So that's 10 lines of code accounted for. Any other examples?
What every developer learns during their “psh i could build that” weekendware attempt is that there is infinite polish to be had, and that their 20k loc PoC was <1% of the work.
That said, doesn't TFA show you what they use their loc for?
It's a completely different domain, e.g. very different integration surface area and abstractions.
Claude Code's source is dumped online so there's probably a more concrete analysis to be had than "that sounds like too many loc".
Also a AAA game (with the engine) with physics, networking, and rendering code is up there in terms of the most complex pieces of software.
For example, without looking at the code, the superstition also works in the opposite direction: Claude Code is an interface to using AI to do any computer task while a 3D game just lets you shoot some bad guys, so surely the 3D game must be done in fewer loc. That's equally unsatisfying.
You'd have to be more concrete than "sounds like a lot".
Shouldn't interfaces be smaller than the implementation?
A GUI/client can be arbitrarily more or less complex than the things it's GUI'ing.
Claude Code is quite literally a wrapper around a few APIs. At one point it needed 68GB of RAM to run and requires 11ms to "lay a scene graph" to display a few hundred characters on screen. All links here: https://news.ycombinator.com/item?id=47598488
> while a 3D game just lets you shoot some bad guys, so surely the 3D game must be done in fewer loc.
Yes, most games should be done in fewer loc
A cursory glance at the codebase shows that it's not just a wrapper around a few APIs.
As the ZMachine interpreter (V3 games at least, enough for the mentioned example), even a Game Boy used to play Pokemon Red/Blue -and Crystal/Sylver/Blue, just slightly better specs than the OG GB- can run Tristam Island with keypad based input picking both selected words from the text or letter by letter as when you name a character in an RPG. A damn Game Boy, a pocket console from 1989. Not straightly running a game, again. Emulating a simple text computer -the virtual machine- to play it. No slowdowns, no-nothing, and you can save the game (the interpreter status) in a battery backed cartridge, such as the Everdrive. Everything under... 128k.
Claude Code and the rest of 'examples' it's what happens when trade programmers call themselves 'engineers' without even a CS degree.

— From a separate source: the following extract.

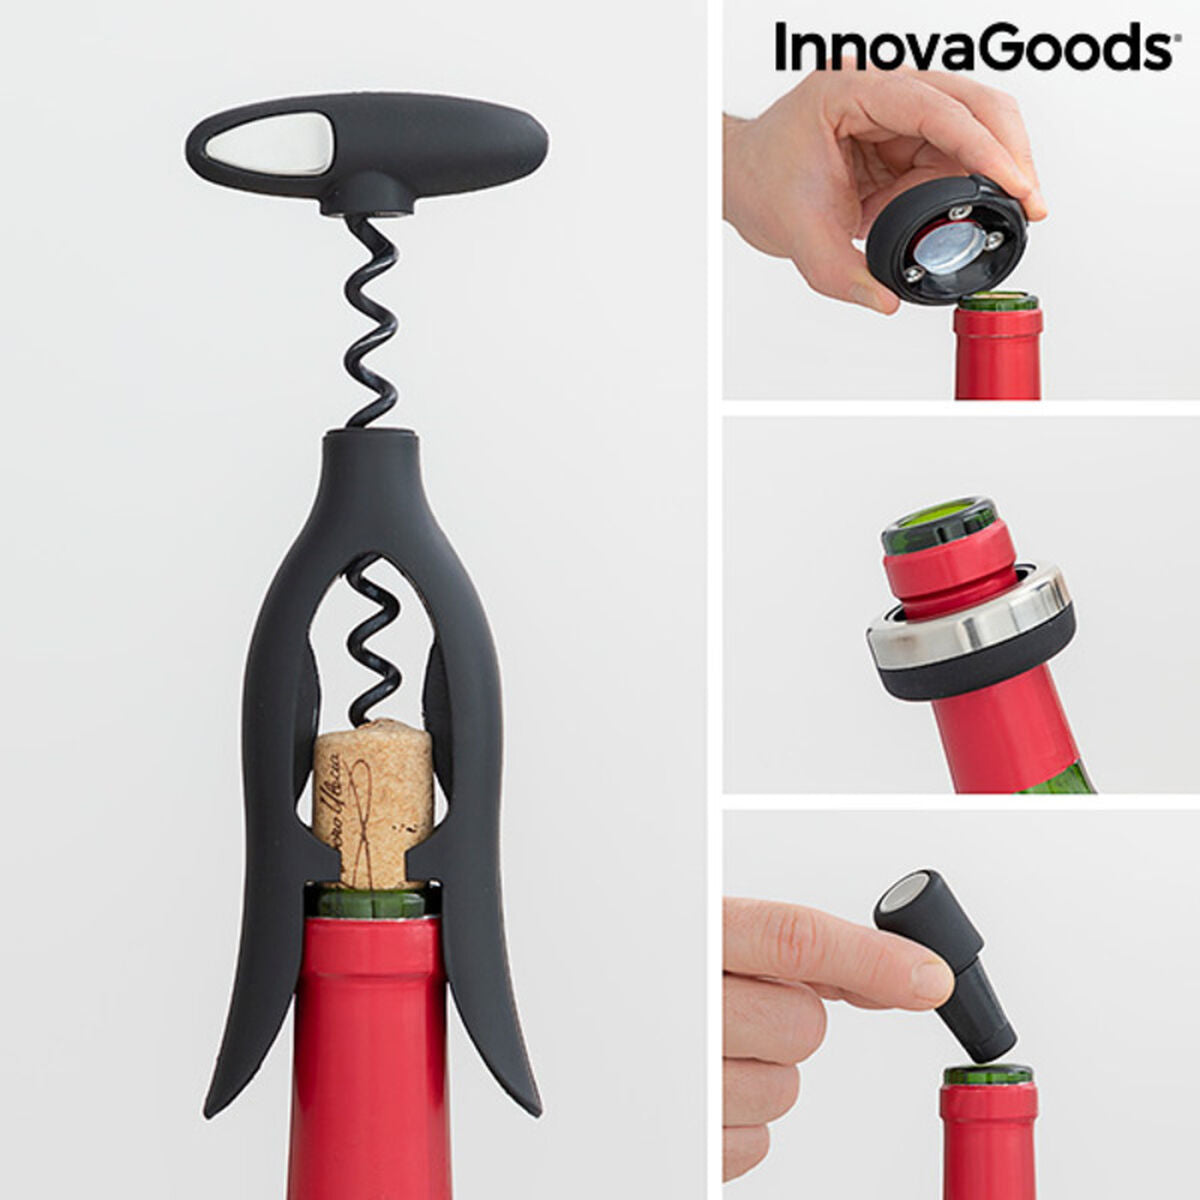 Wijnset met spiraalvormige kurkentrekker en accessoires Vinstand InnovaGoods 5 Onderdelen
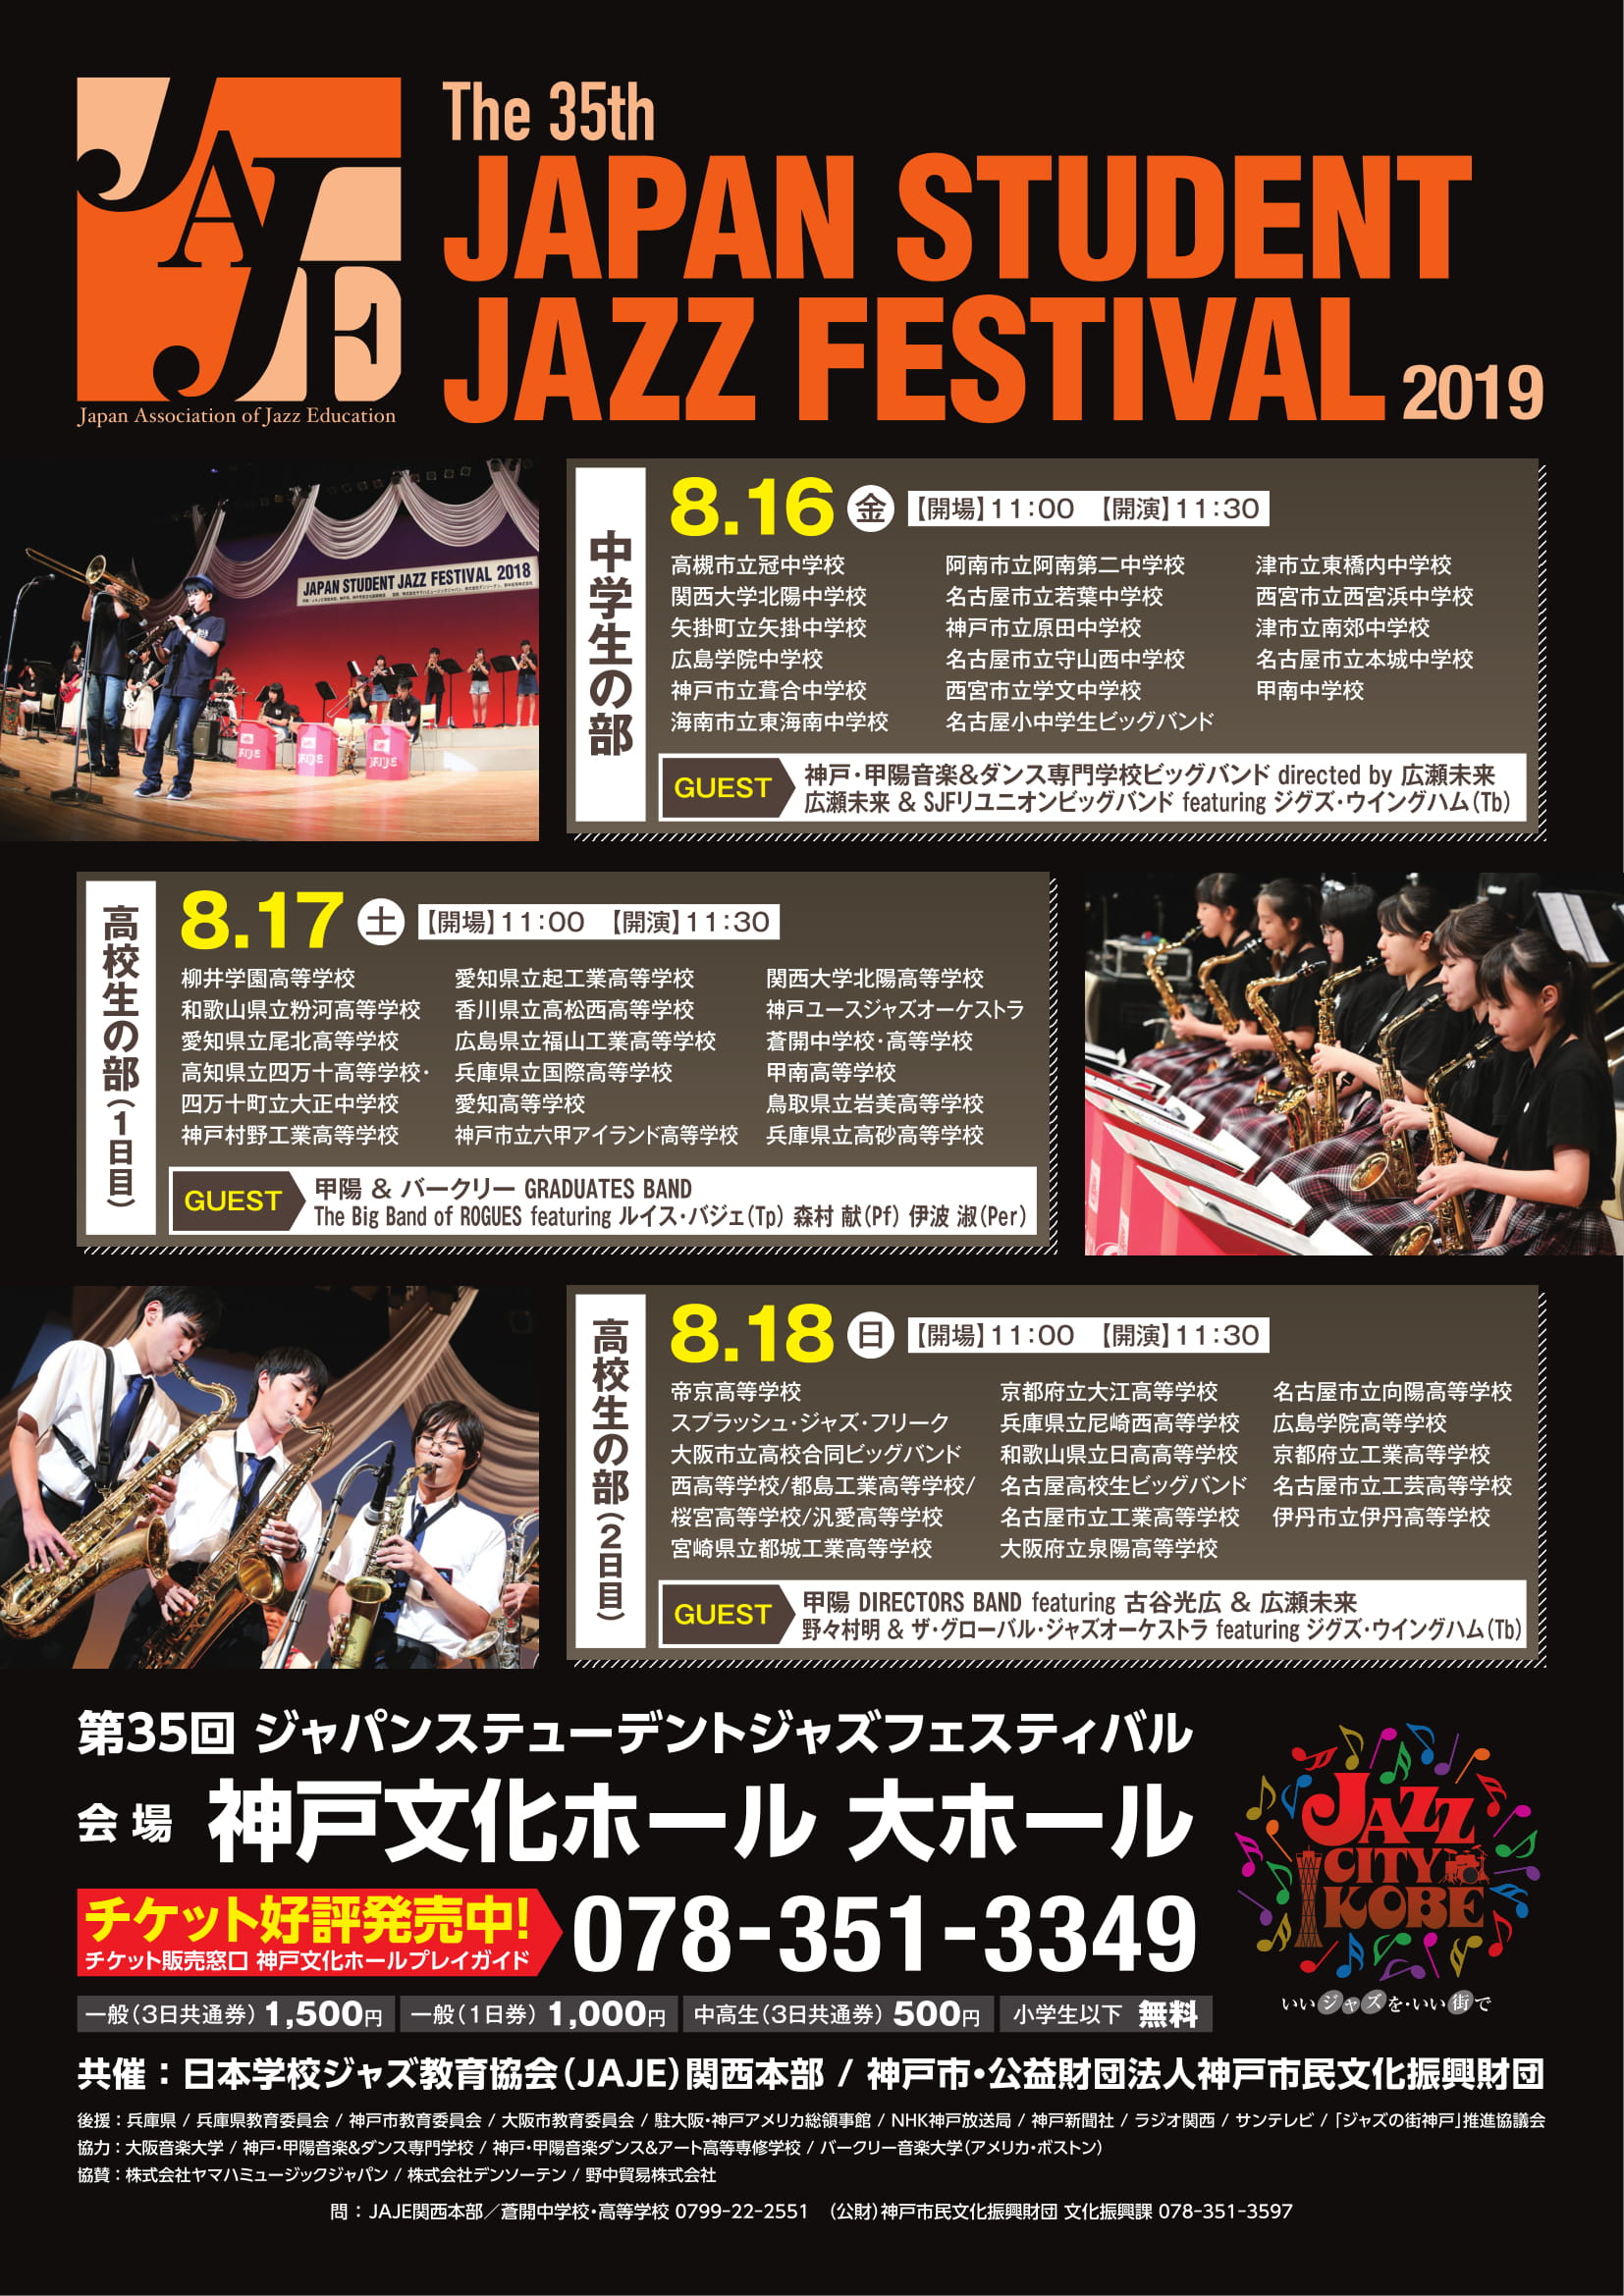 小学生以下無料 中高生ビッグバンドジャズの祭典 The 35th Japan Student Jazz Festival 19 開催 19 8 16 8 18 神戸文化ホール 吹奏楽 管楽器 打楽器 クラシック音楽のwebメディア Wind Band Press

This file is exactly what I'm talking about.
Take the loadInitialMessage function: It's encumbered with real world incremental requirements. You can see exactly the bolted-on conditionals where they added features like --teleport, --fork-session, etc.
The runHeadlessStreaming function is a more extreme version of that where a bunch of incremental, lateral subsystems are wired together, not an example of superfluous loc.
You don't have to explain why there might be better ways to write some code because the claim is about lines of code. It could be the case that perfectly organizing and abstracting the code would result in even more loc.
Sure. You could have. But you're not the one playing football in the Champions League.
There were many roads that could have gotten you to the Champions League. But now you're in no position to judge the people who got there in the end and how they did it.
Or you can, but whatever.
The only reason people are using Claude Code is because it's the only way to use their (heavily subsidized) subscription plans. People who are okay with using and paying for their APIs often opt out for other, better, tools.
Also, analogies don't work. As we know for a fact that Claude Code is a bloated mess that these "champions league-level engineers" can't fix. They literally talk about it themselves: https://news.ycombinator.com/item?id=47598488 (they had to bring in actual Champions League engineers from bun to fix some of their mess).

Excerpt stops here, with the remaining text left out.